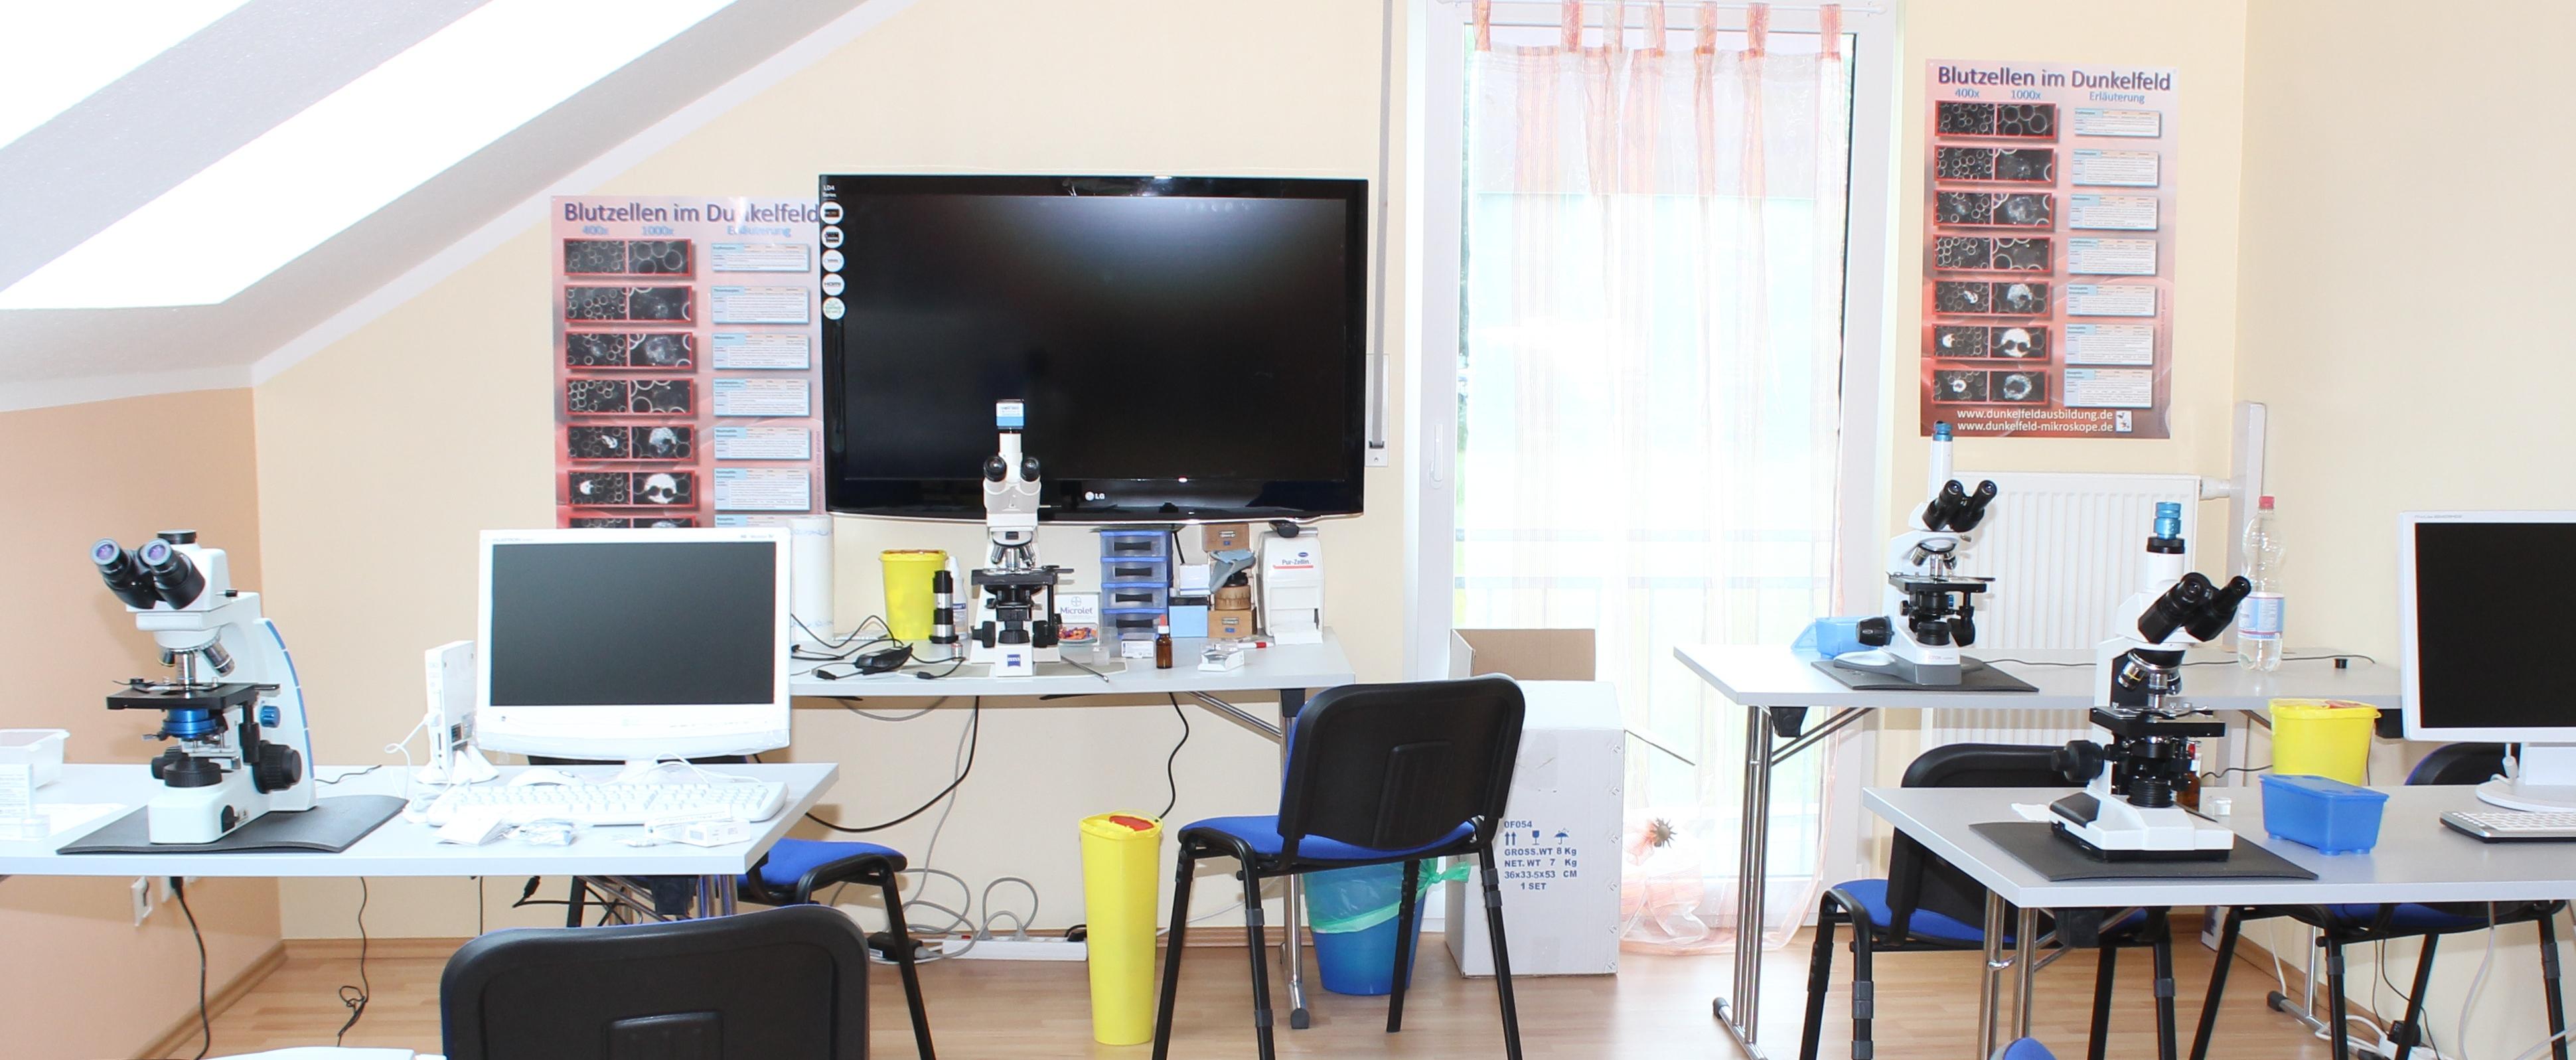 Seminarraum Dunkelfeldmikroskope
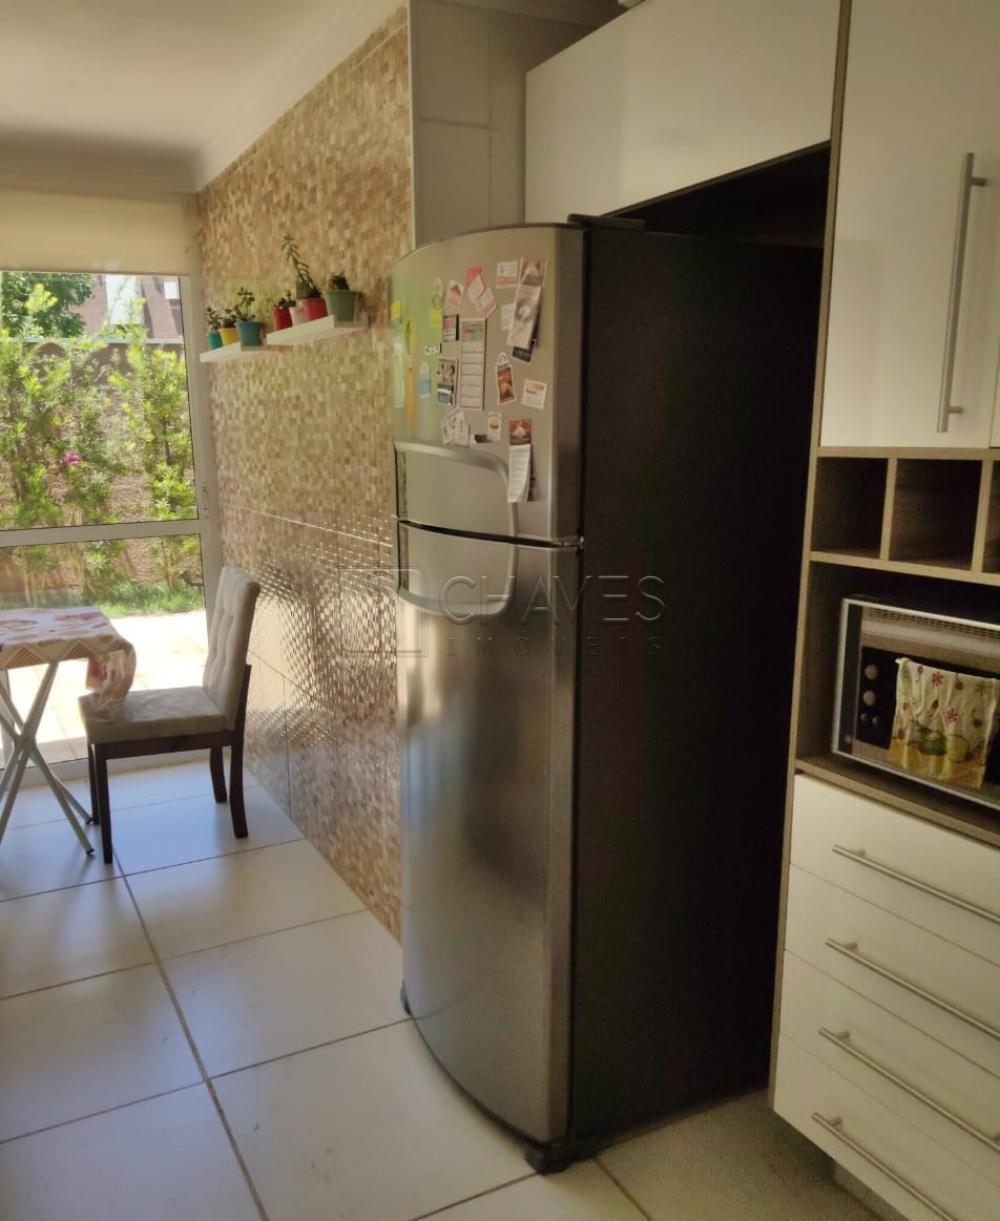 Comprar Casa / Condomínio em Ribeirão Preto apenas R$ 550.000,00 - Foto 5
────────────────────
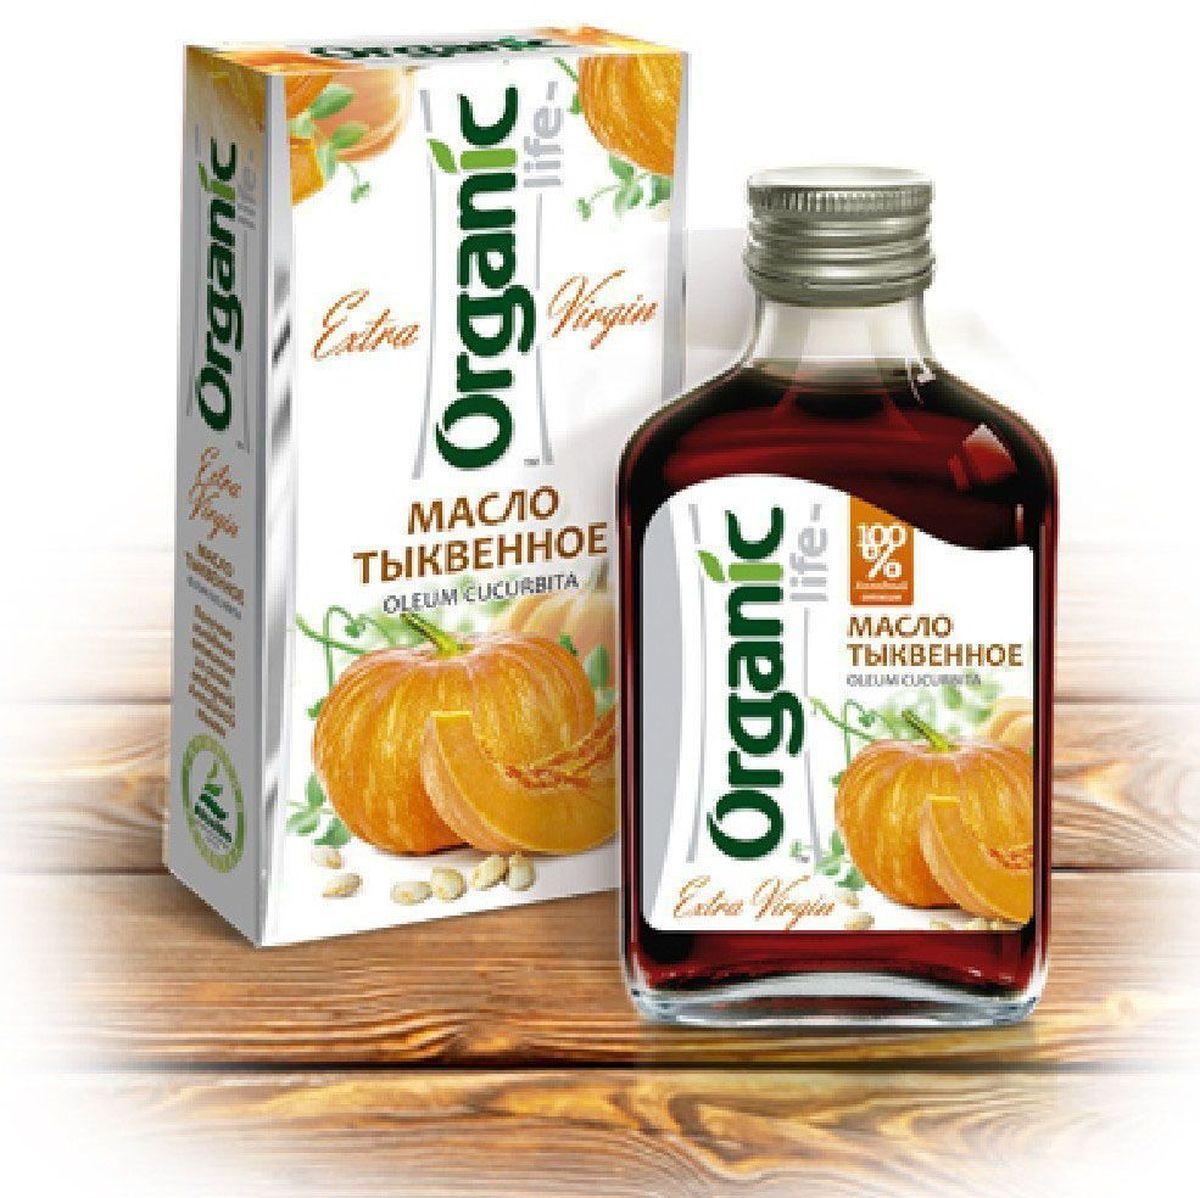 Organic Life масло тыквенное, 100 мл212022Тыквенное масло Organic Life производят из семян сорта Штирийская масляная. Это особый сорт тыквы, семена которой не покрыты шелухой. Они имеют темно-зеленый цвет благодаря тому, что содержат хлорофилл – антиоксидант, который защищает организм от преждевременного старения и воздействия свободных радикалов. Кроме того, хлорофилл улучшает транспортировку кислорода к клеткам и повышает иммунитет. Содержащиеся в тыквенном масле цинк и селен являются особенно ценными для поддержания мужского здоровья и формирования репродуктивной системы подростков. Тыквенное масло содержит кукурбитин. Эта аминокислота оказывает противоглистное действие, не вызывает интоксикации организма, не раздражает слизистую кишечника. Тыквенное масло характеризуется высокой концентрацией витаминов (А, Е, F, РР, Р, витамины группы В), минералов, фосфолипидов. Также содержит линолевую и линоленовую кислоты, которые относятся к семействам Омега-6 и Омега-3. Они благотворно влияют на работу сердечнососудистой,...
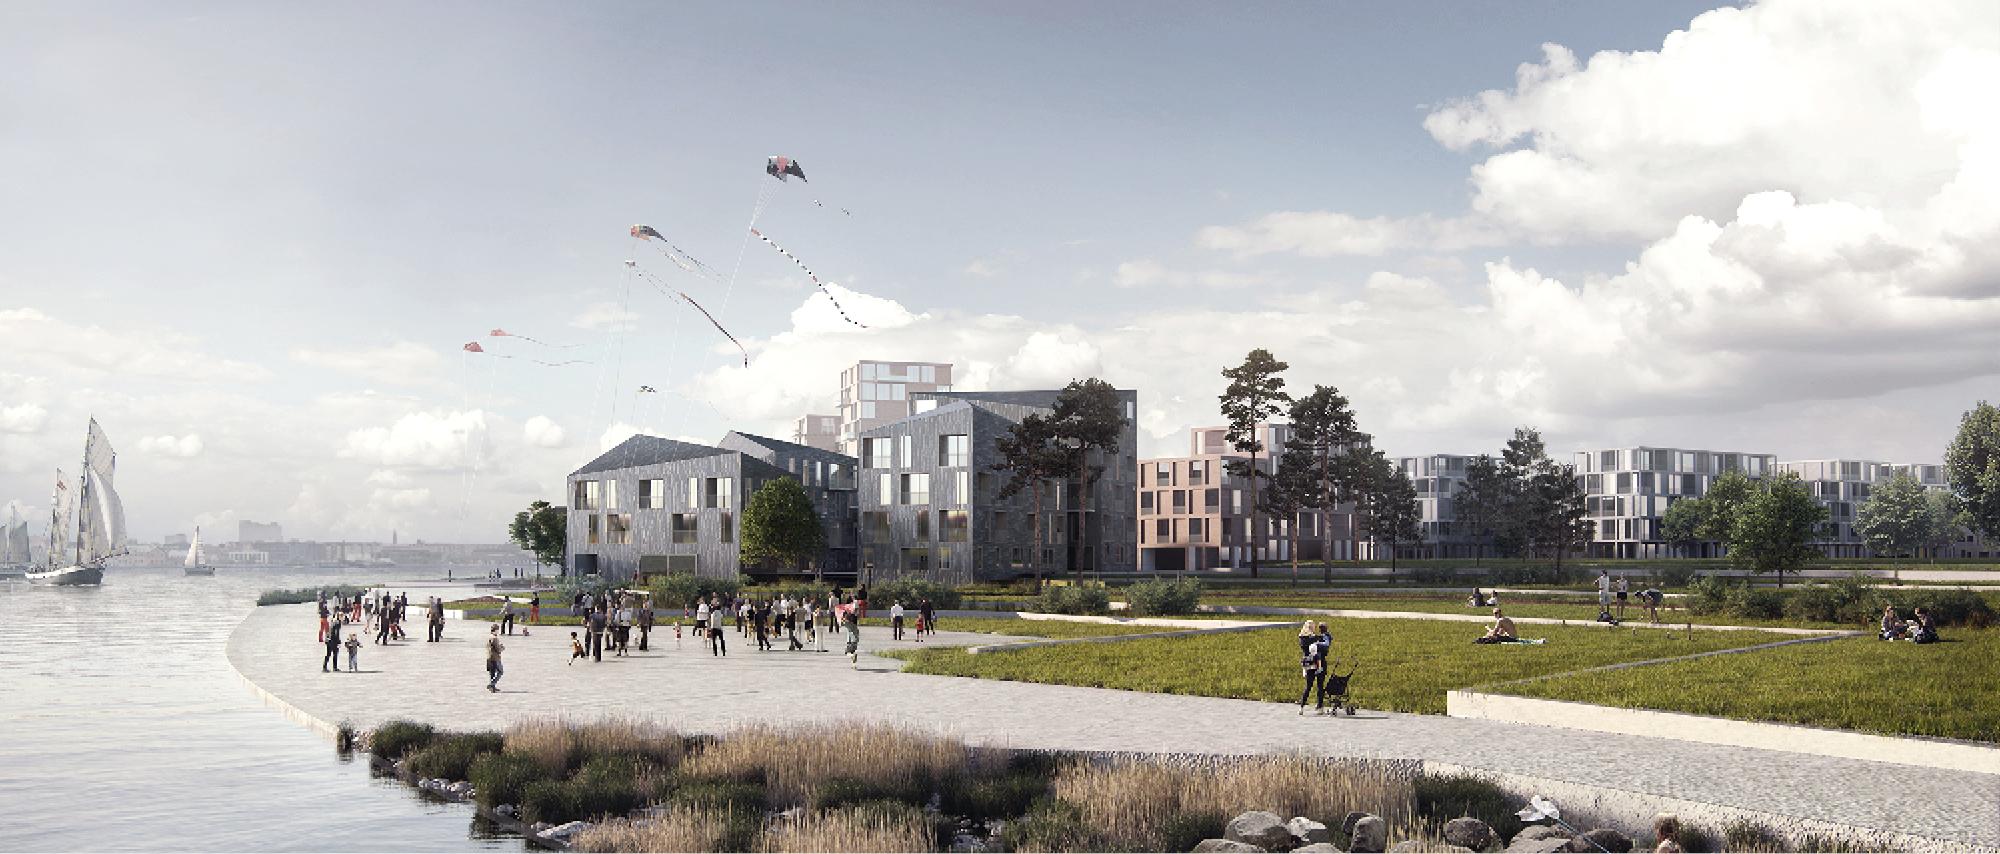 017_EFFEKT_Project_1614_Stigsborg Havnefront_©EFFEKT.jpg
────────────────────
Exercise brief =>
Extract the part of the records that opens with the line containing "Seminarraum Dunkelfeldmikroskope" and closes with the line containing "Comprar Casa /". Take only those lines, exactly, and no pictures.

Solution =>
 Seminarraum Dunkelfeldmikroskope
 Comprar Casa / Condomínio em Ribeirão Preto apenas R$ 550.000,00 - Foto 5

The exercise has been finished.